> **TASK STATEMENT**:
Reproduce, exactly and only, the lines of the data that follows from the one containing "Sucio Fuera de" down to the one containing "STARRY NIGHT OF MIYAJIMA", without pictures.

> **EXERCISE INPUT**:
*** Begin section ***
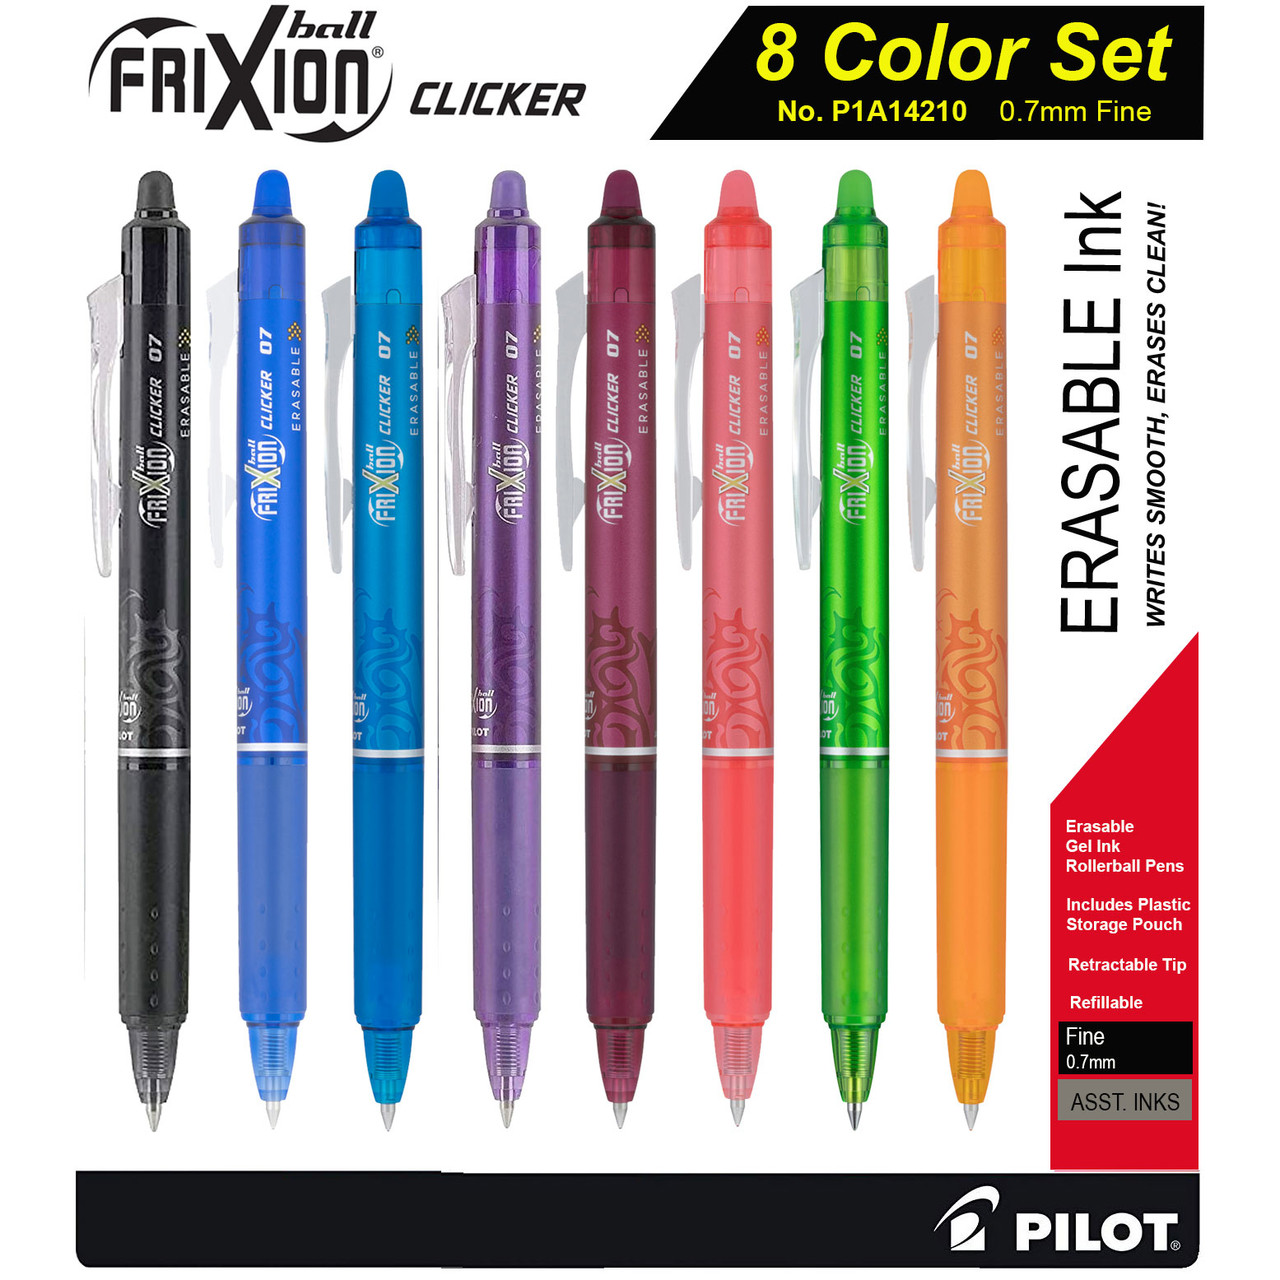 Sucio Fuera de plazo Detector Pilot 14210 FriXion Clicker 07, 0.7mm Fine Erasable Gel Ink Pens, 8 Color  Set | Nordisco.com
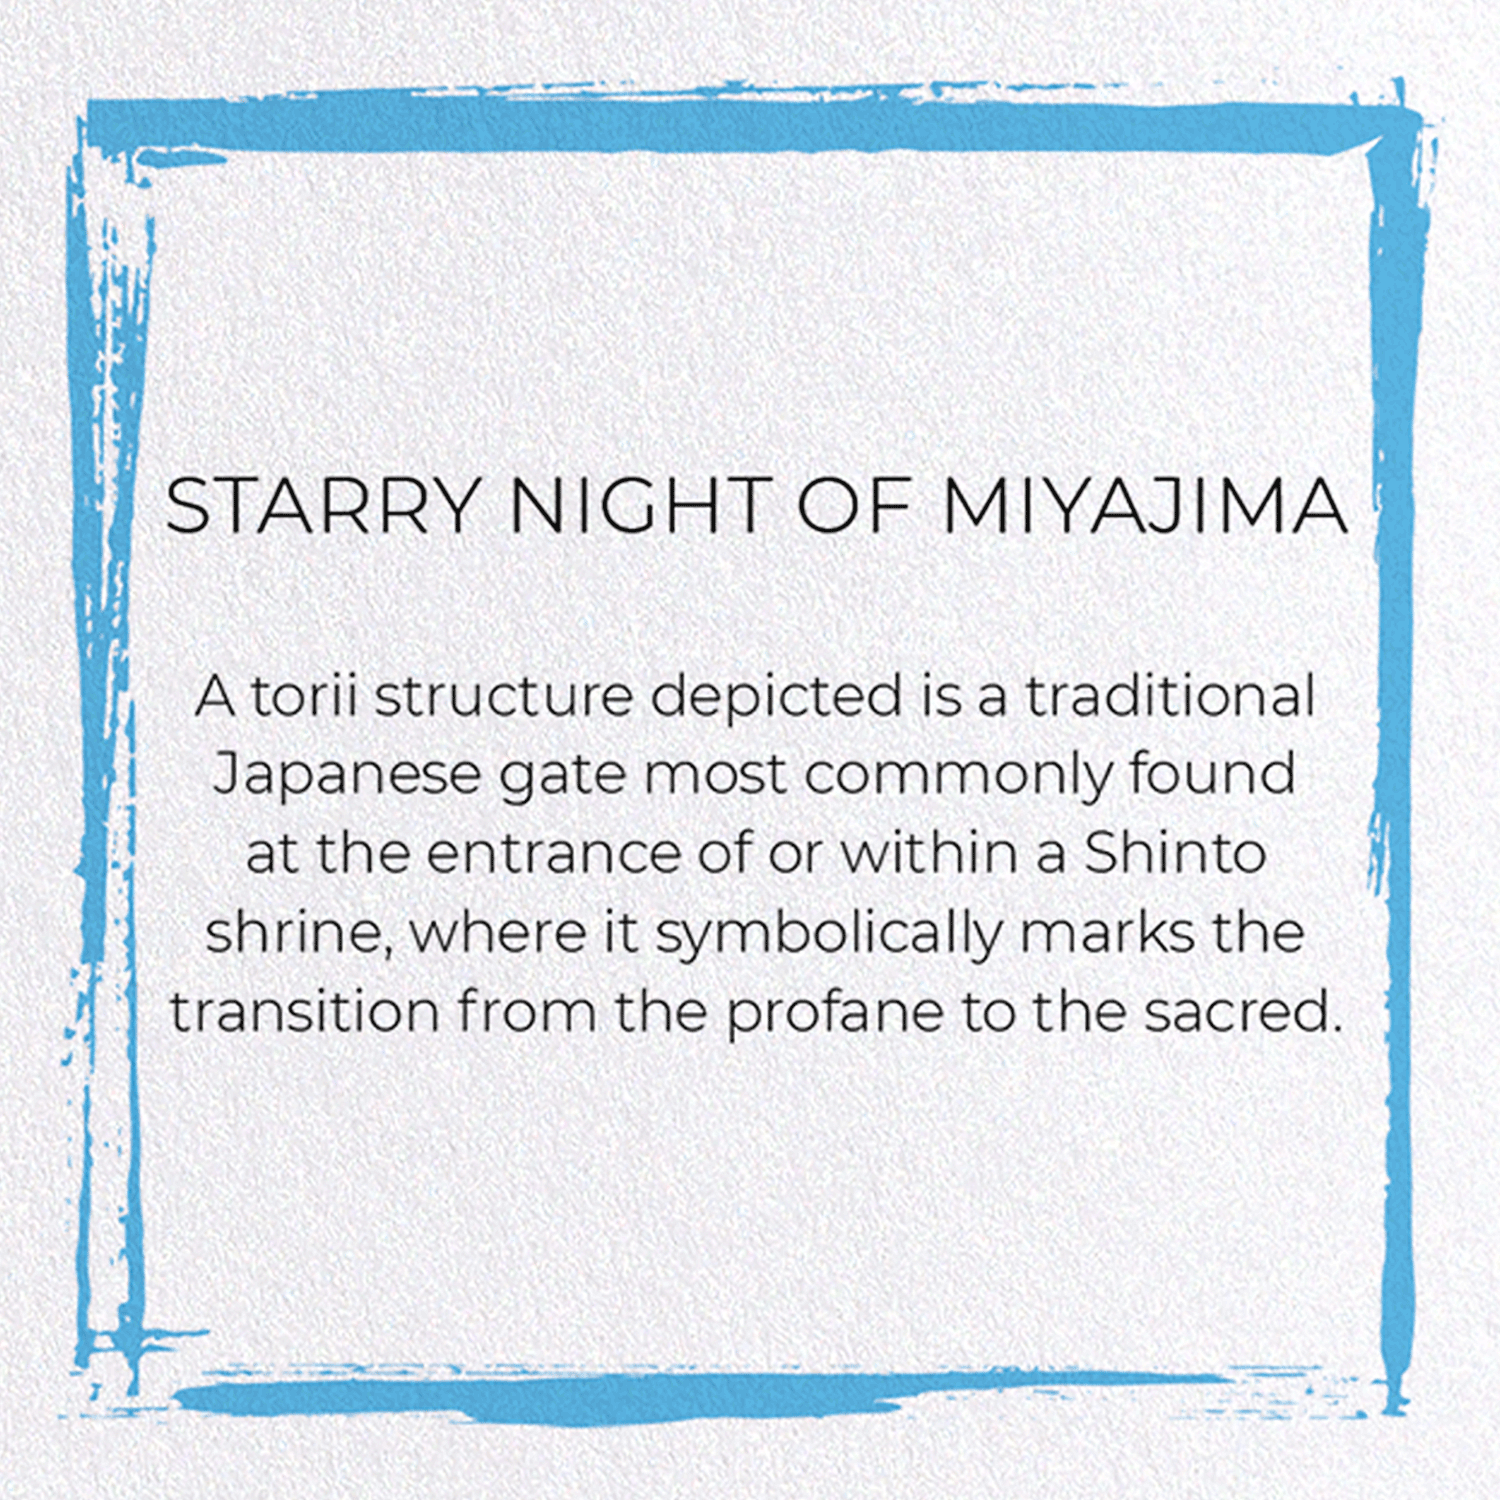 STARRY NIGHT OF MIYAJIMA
*** End section ***
*** Begin section ***
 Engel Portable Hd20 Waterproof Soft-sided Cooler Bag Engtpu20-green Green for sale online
*** End section ***
> **SOLVED PROBLEM**:
 Sucio Fuera de plazo Detector Pilot 14210 FriXion Clicker 07, 0.7mm Fine Erasable Gel Ink Pens, 8 Color  Set | Nordisco.com
 STARRY NIGHT OF MIYAJIMA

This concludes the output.